An international team of astrophysicists has released an unprecedented map of the entire sky that charts the magnetic field shaping the Milky Way galaxy and helps in our understanding of the birth of the universe.
The team -- which includes researchers from the University of British Columbia and the Canadian Institute for Theoretical Astrophysics (CITA) at the University of Toronto -- created the map using data from the Planck Space Telescope.
Since 2009, the Planck telescope has charted the Cosmic Microwave Background (CMB), the light from the Universe a mere 380,000 years after the Big Bang.
But Planck also observes light from much closer than the farthest reaches of time and space. With its High Frequency Instrument, Planck detects the light from microscopic dust particles within our galaxy and helps identify the non-random direction in which the light waves vibrate -- known as polarization. It is this polarized light that indicates the orientation of the field lines.
"Just as the Earth has a magnetic field, our galaxy has a large-scale magnetic field -- albeit 100,000 times weaker than the magnetic field at the Earth's surface," says UBC Astrophysicist Douglas Scott. "And just as the Earth's magnetic field generates phenomena such as the aurorae, our galaxy's magnetic field is important for many phenomena within it."
"And now," says Scott, "Planck has given us the most detailed picture of it yet."
The "fingerprint" and other results are described in four forthcoming papers in the journal Astronomy & Astrophysics.
CITA's Prof. Peter Martin uses Planck data to study the dust found throughout our galaxy. "Dust is often overlooked but it contains the stuff from which terrestrial planets and life form," he says. "So by probing the dust, Planck helps us understand the complex history of the galaxy as well as the life within it."
For cosmologists studying the origin and evolution of the Universe, data to be released later this year by scientists from the Planck collaboration should allow astronomers to separate with great confidence any possible foreground signal from our Galaxy from the tenuous, primordial, polarized signal from the CMB. In March 2014, scientists from the BICEP2 collaboration claimed the first detection of such a signal.
The Planck data will enable a much more detailed investigation of the early history of the cosmos, from the accelerated expansion when the Universe was much less than one second old to the period when the first stars were born, several hundred million years later.
And according to Prof.
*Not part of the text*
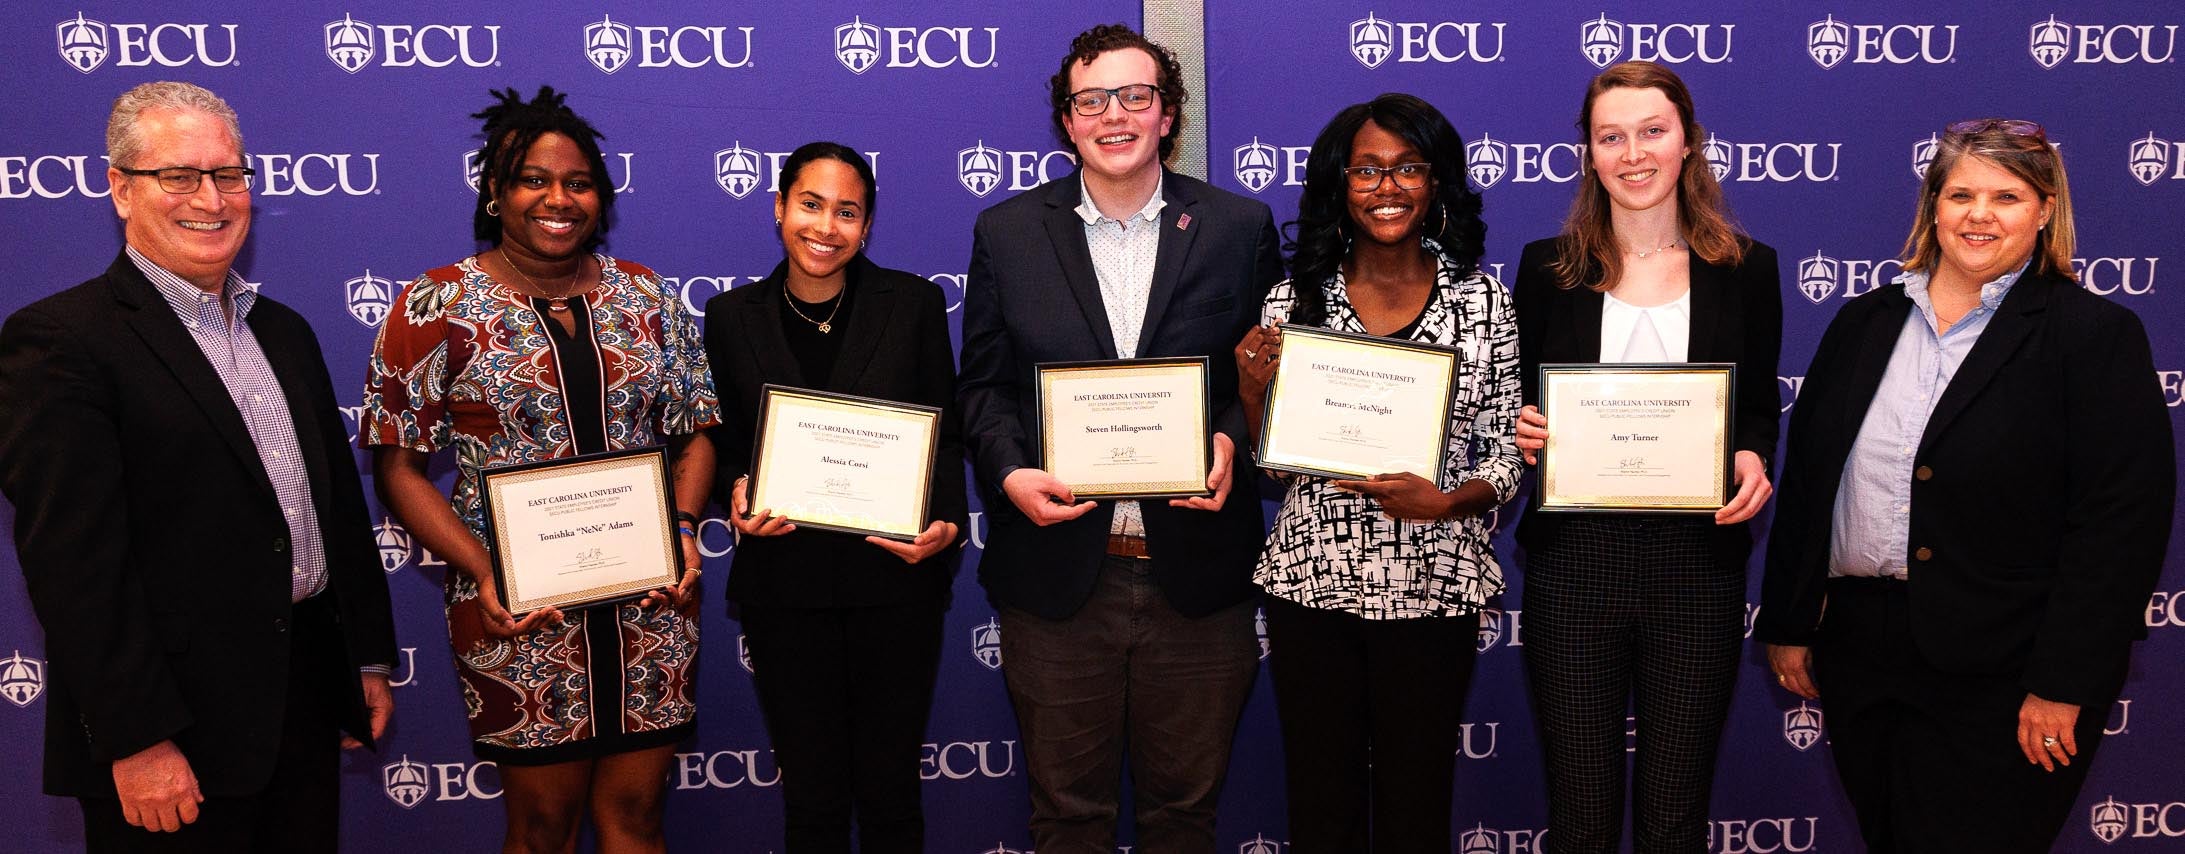 Rich Hutson, left, senior vice president of the State Employees’ Credit Union, and Sharon Paynter, far right, assistant vice chancellor for economic and community engagement at ECU, recognized the SECU Public Service Fellows who were able to attend the ceremony.

J. Richard Bond (CITA), "These results help us lift the veil of emissions from these tiny but pervasive Galactic dust grains which obscure a Planck goal of peering into the earliest moments of the Big Bang to find evidence for gravitational waves created in that epoch, as reported by BICEP2."
Planck includes contributions from the Canadian Space Agency (CSA). The CSA funds two Canadian research teams that are part of the Planck science collaboration, and who helped develop both of Planck's complementary science instruments, the High Frequency Instrument (HFI) and the Low Frequency Instrument (LFI). Professors J. Richard Bond of the University of Toronto (Director of Cosmology and Gravity at the Canadian Institute for Advanced Research) and Douglas Scott of the University of British Columbia lead the Canadian Planck team, which includes members from the University of Alberta, Université Laval and McGill University.